--- START ---

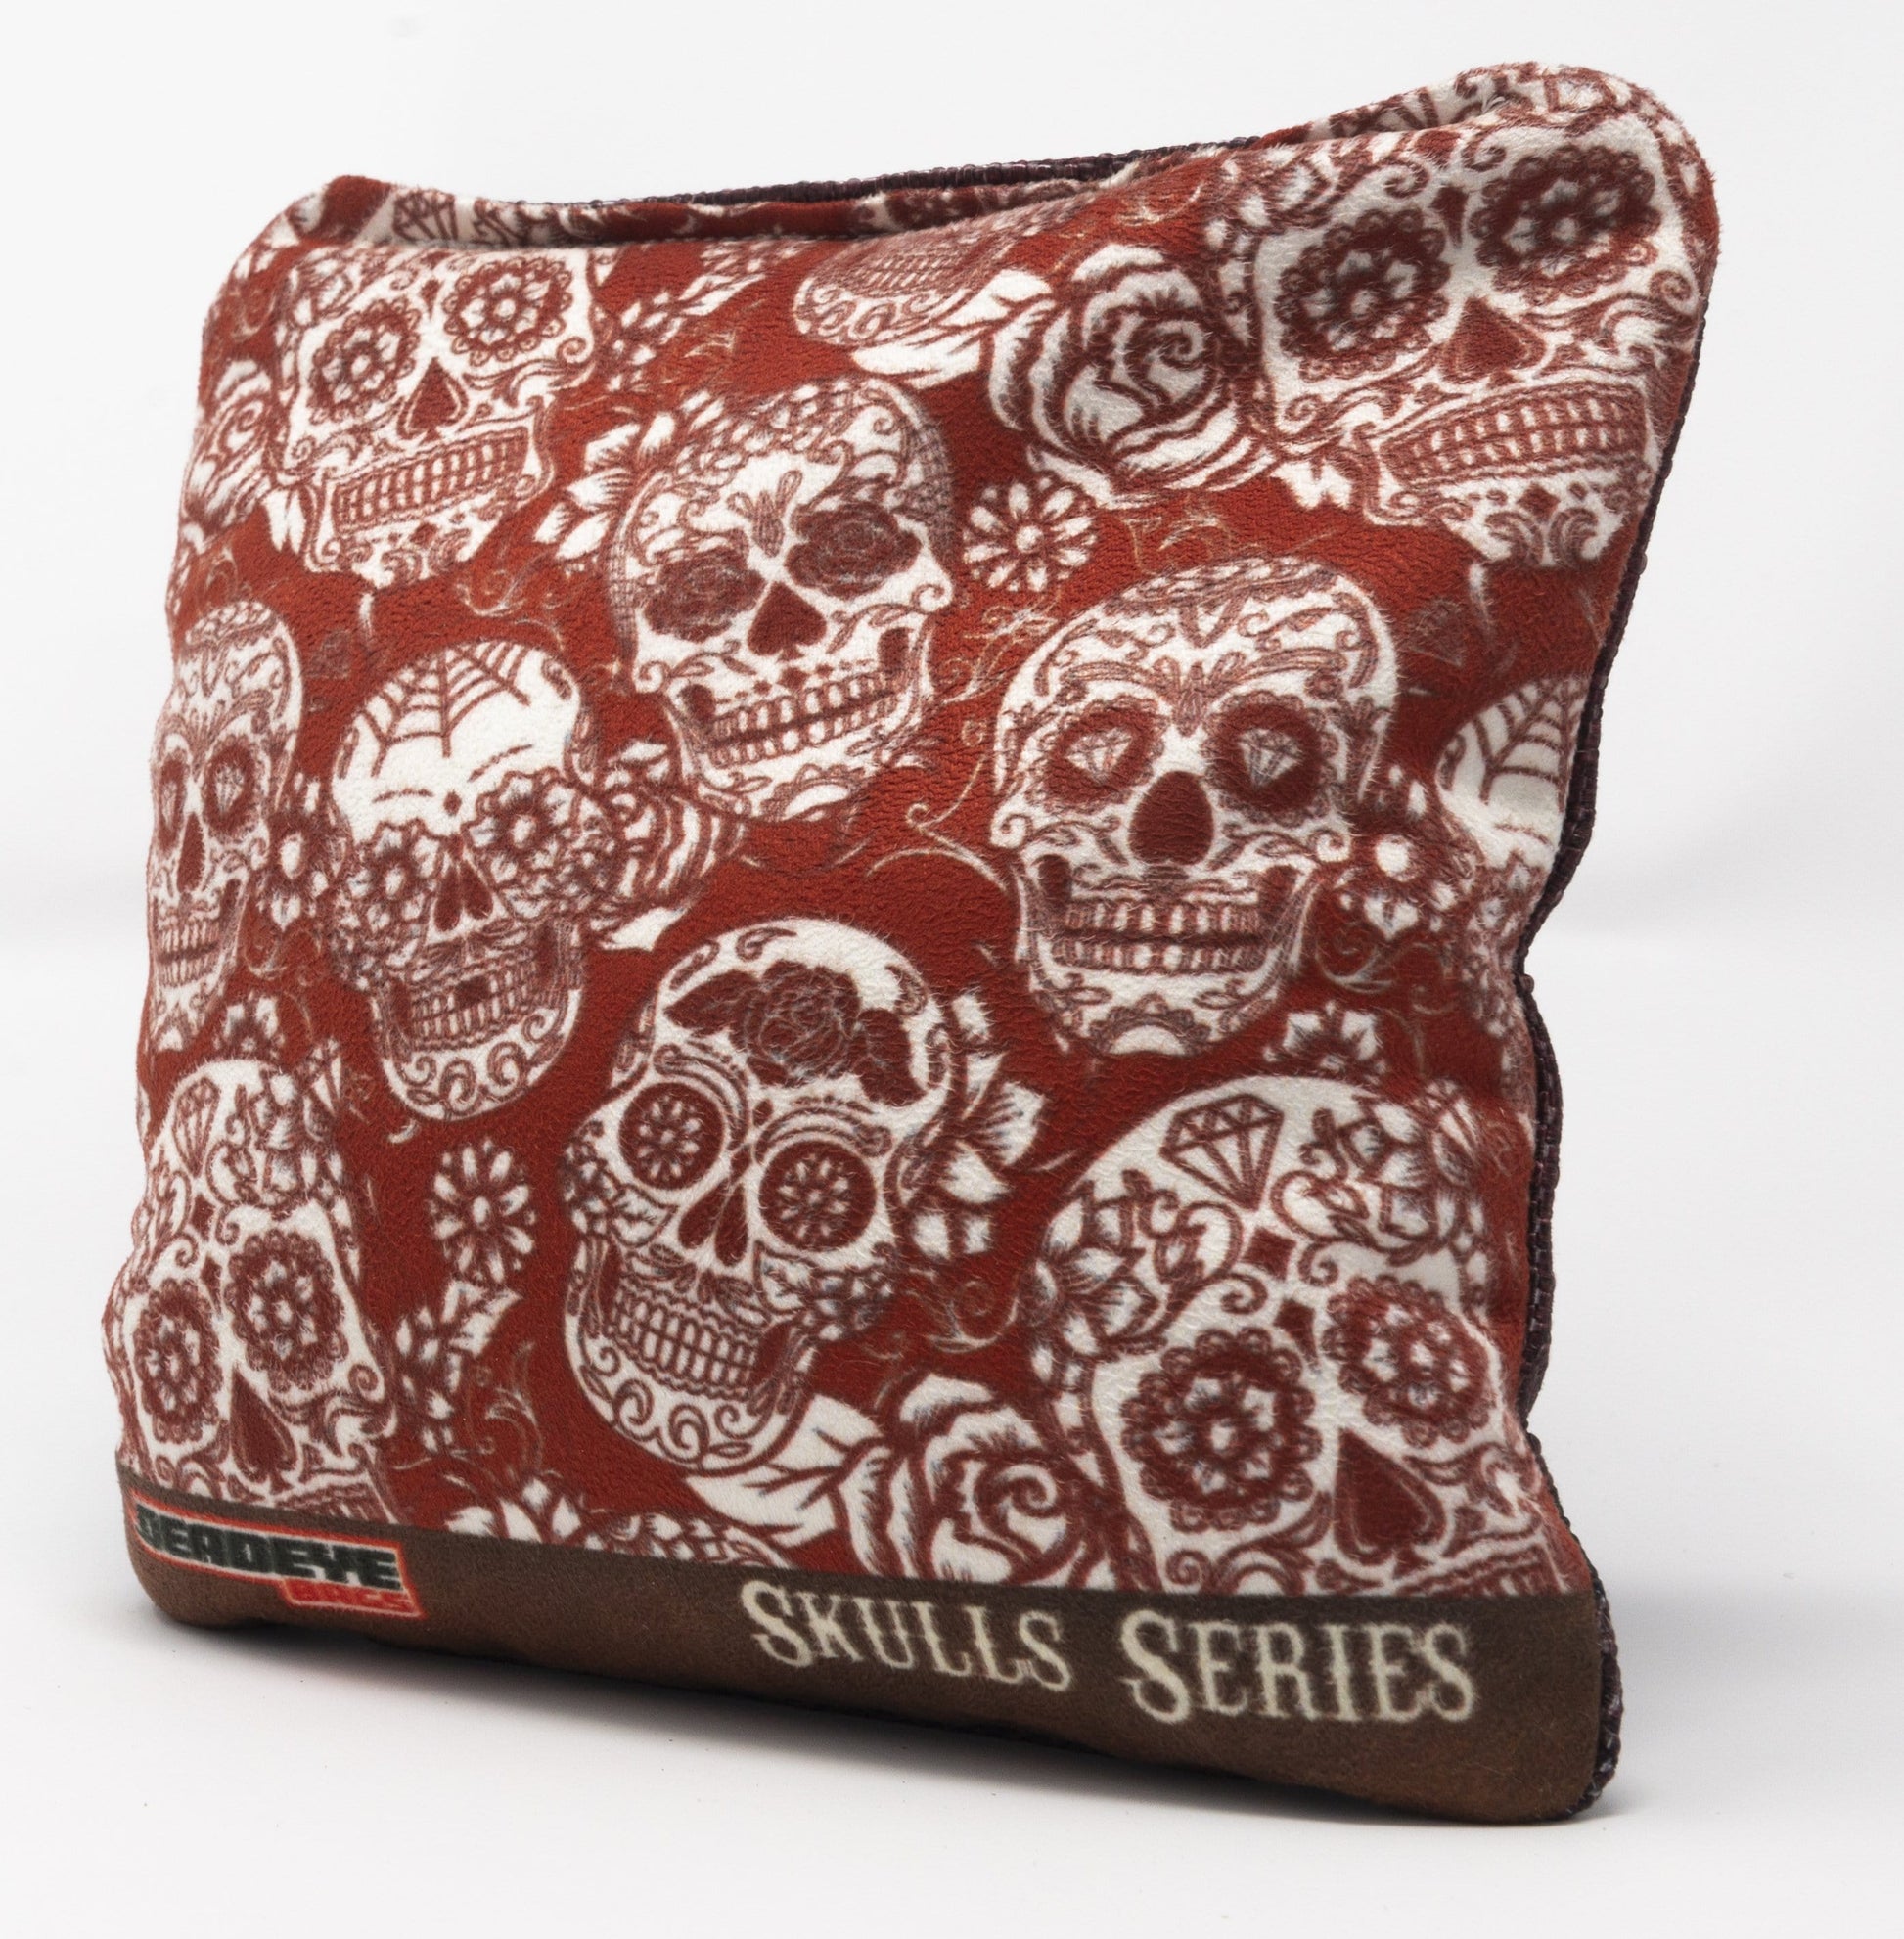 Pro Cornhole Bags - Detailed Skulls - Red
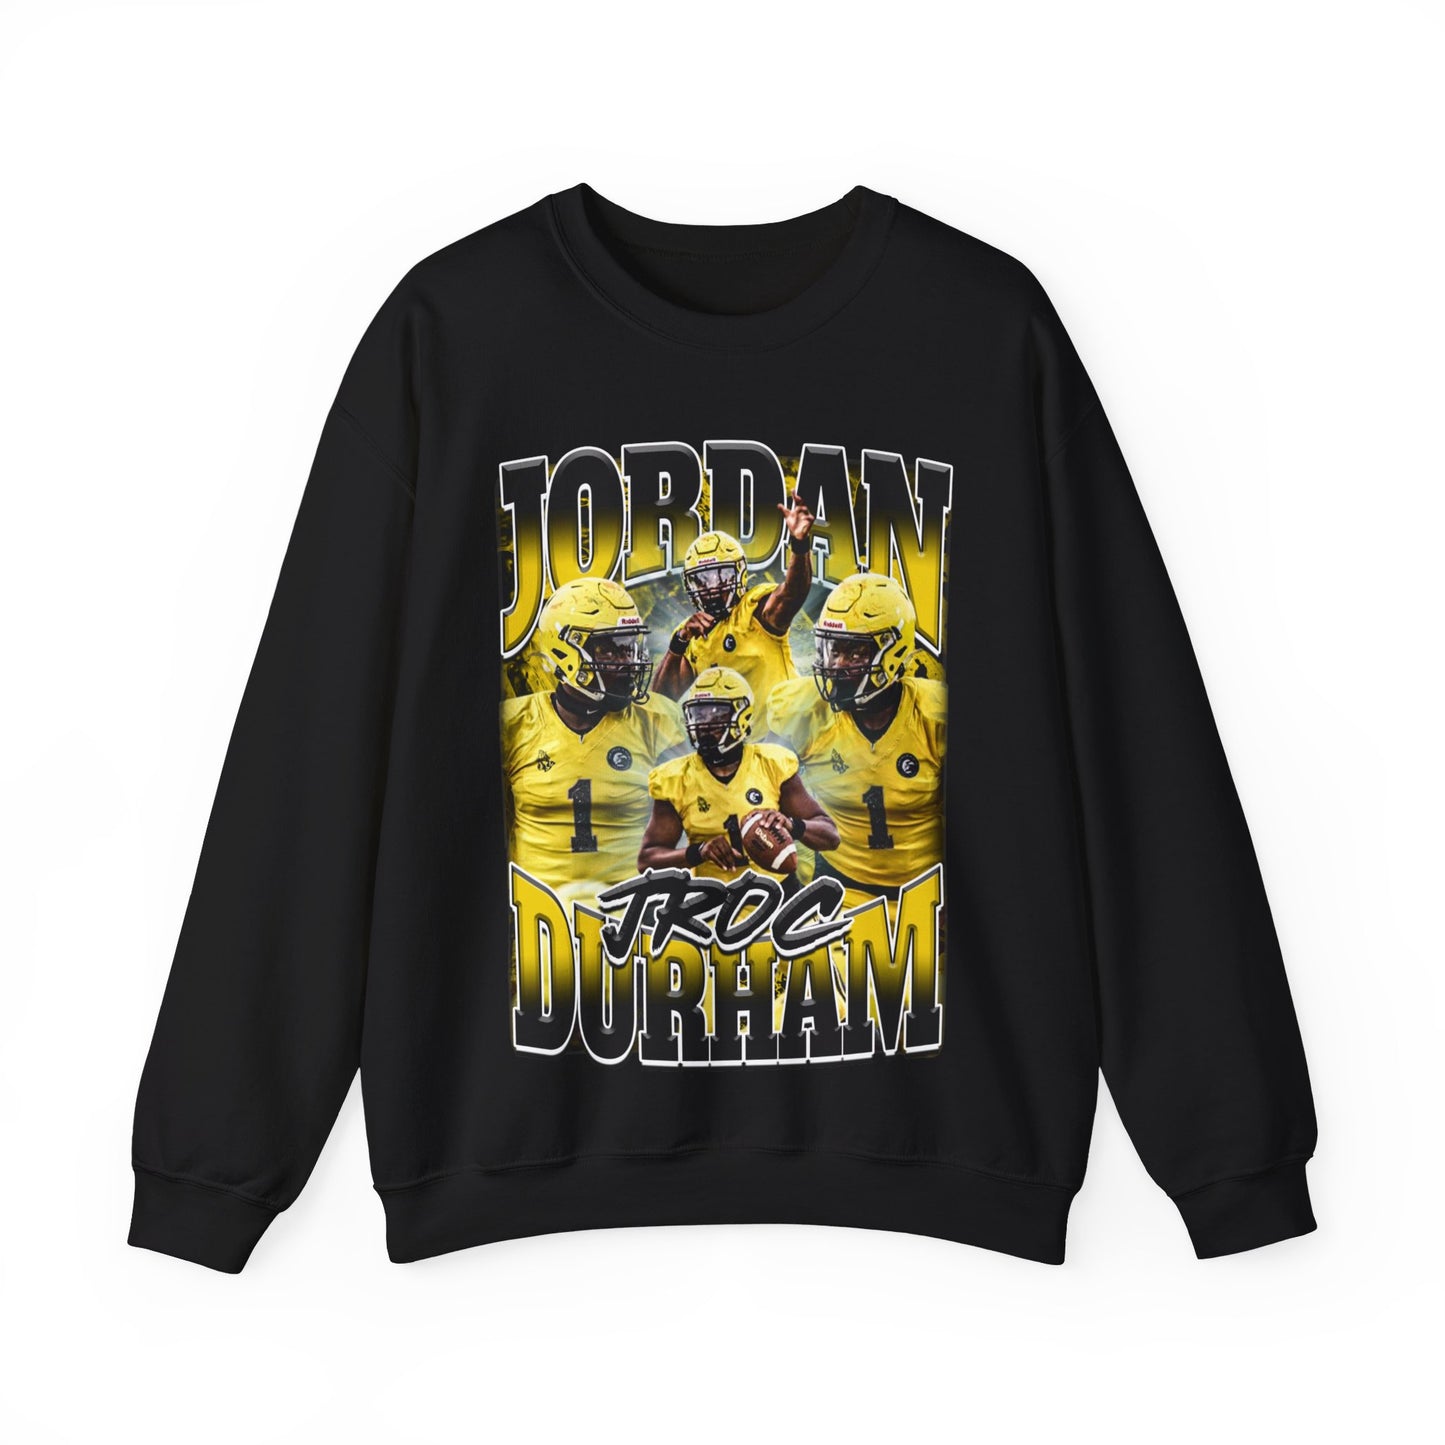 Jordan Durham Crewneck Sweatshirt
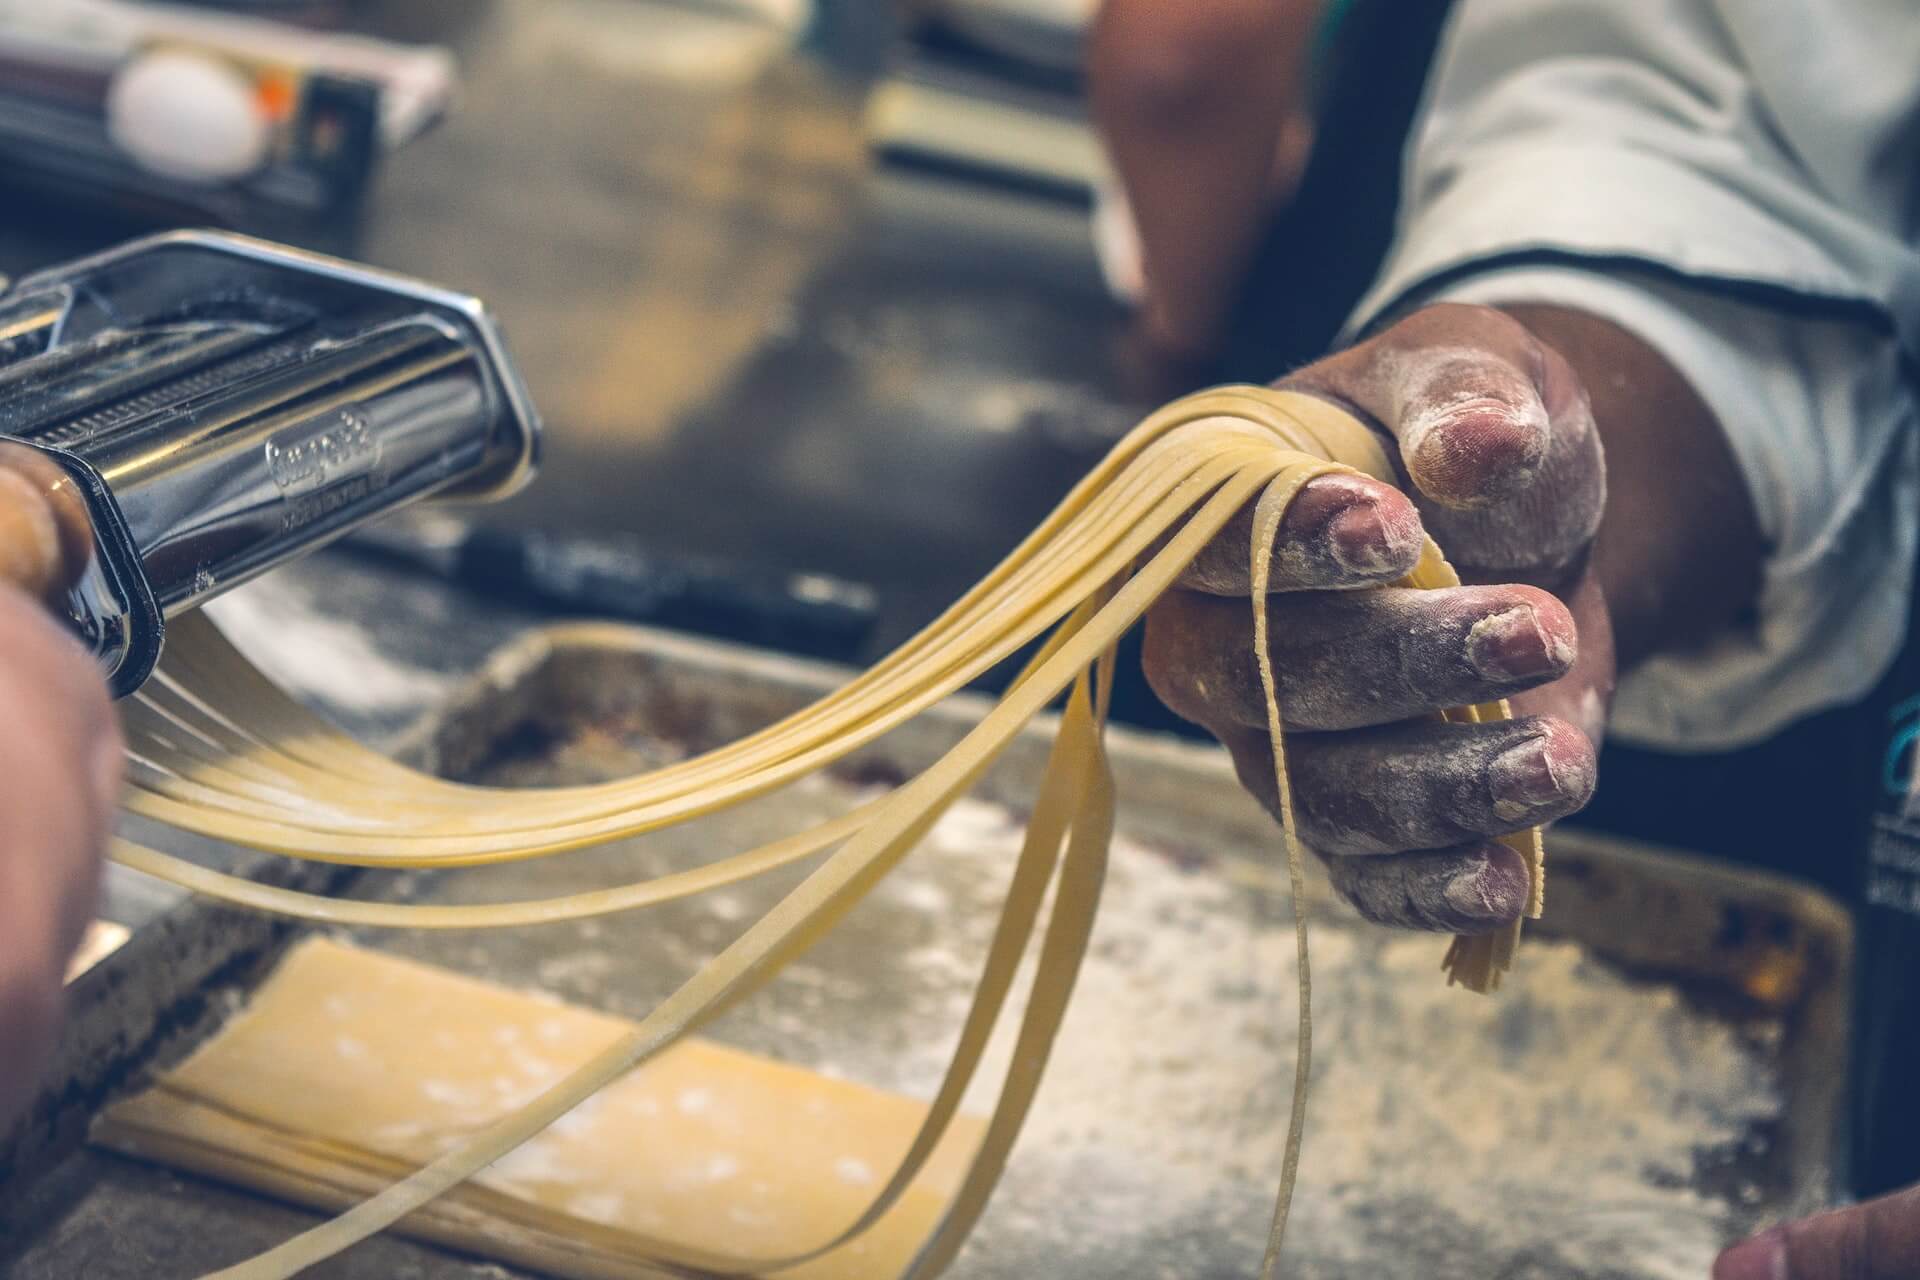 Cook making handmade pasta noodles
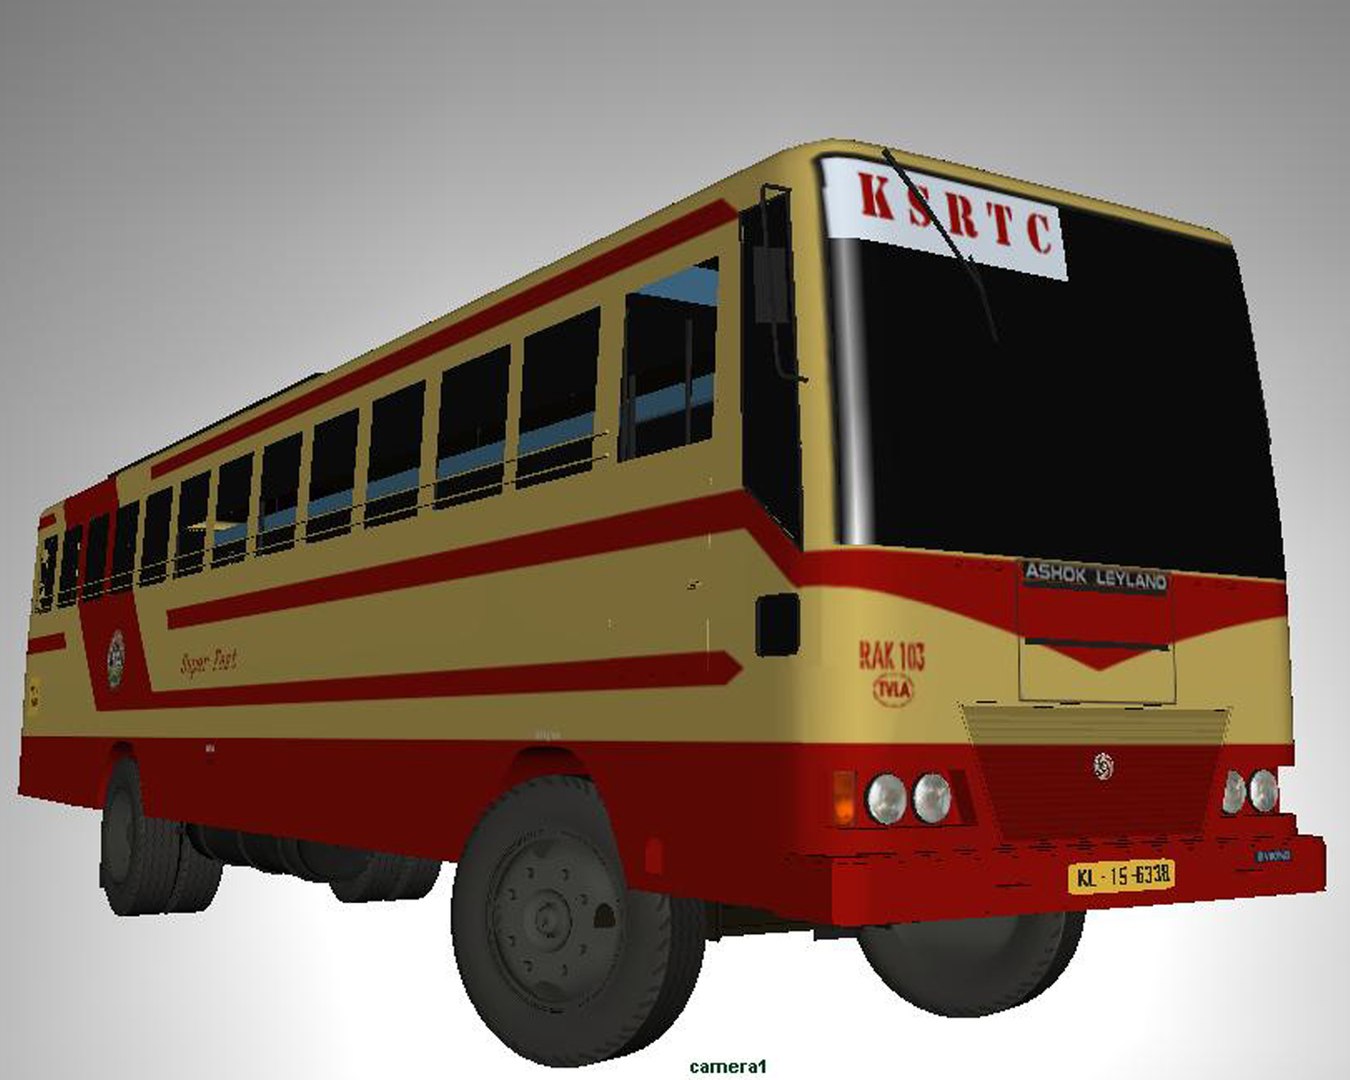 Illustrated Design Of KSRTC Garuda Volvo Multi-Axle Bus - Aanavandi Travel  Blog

--- END ---

**Task directions**:
No pictures belong in the answer; copy all other parts of the listing exactly.

**Response area**:
 Pro Cornhole Bags - Detailed Skulls - Red
 Jordan Durham Crewneck Sweatshirt
 Cook making handmade pasta noodles
 Illustrated Design Of KSRTC Garuda Volvo Multi-Axle Bus - Aanavandi Travel  Blog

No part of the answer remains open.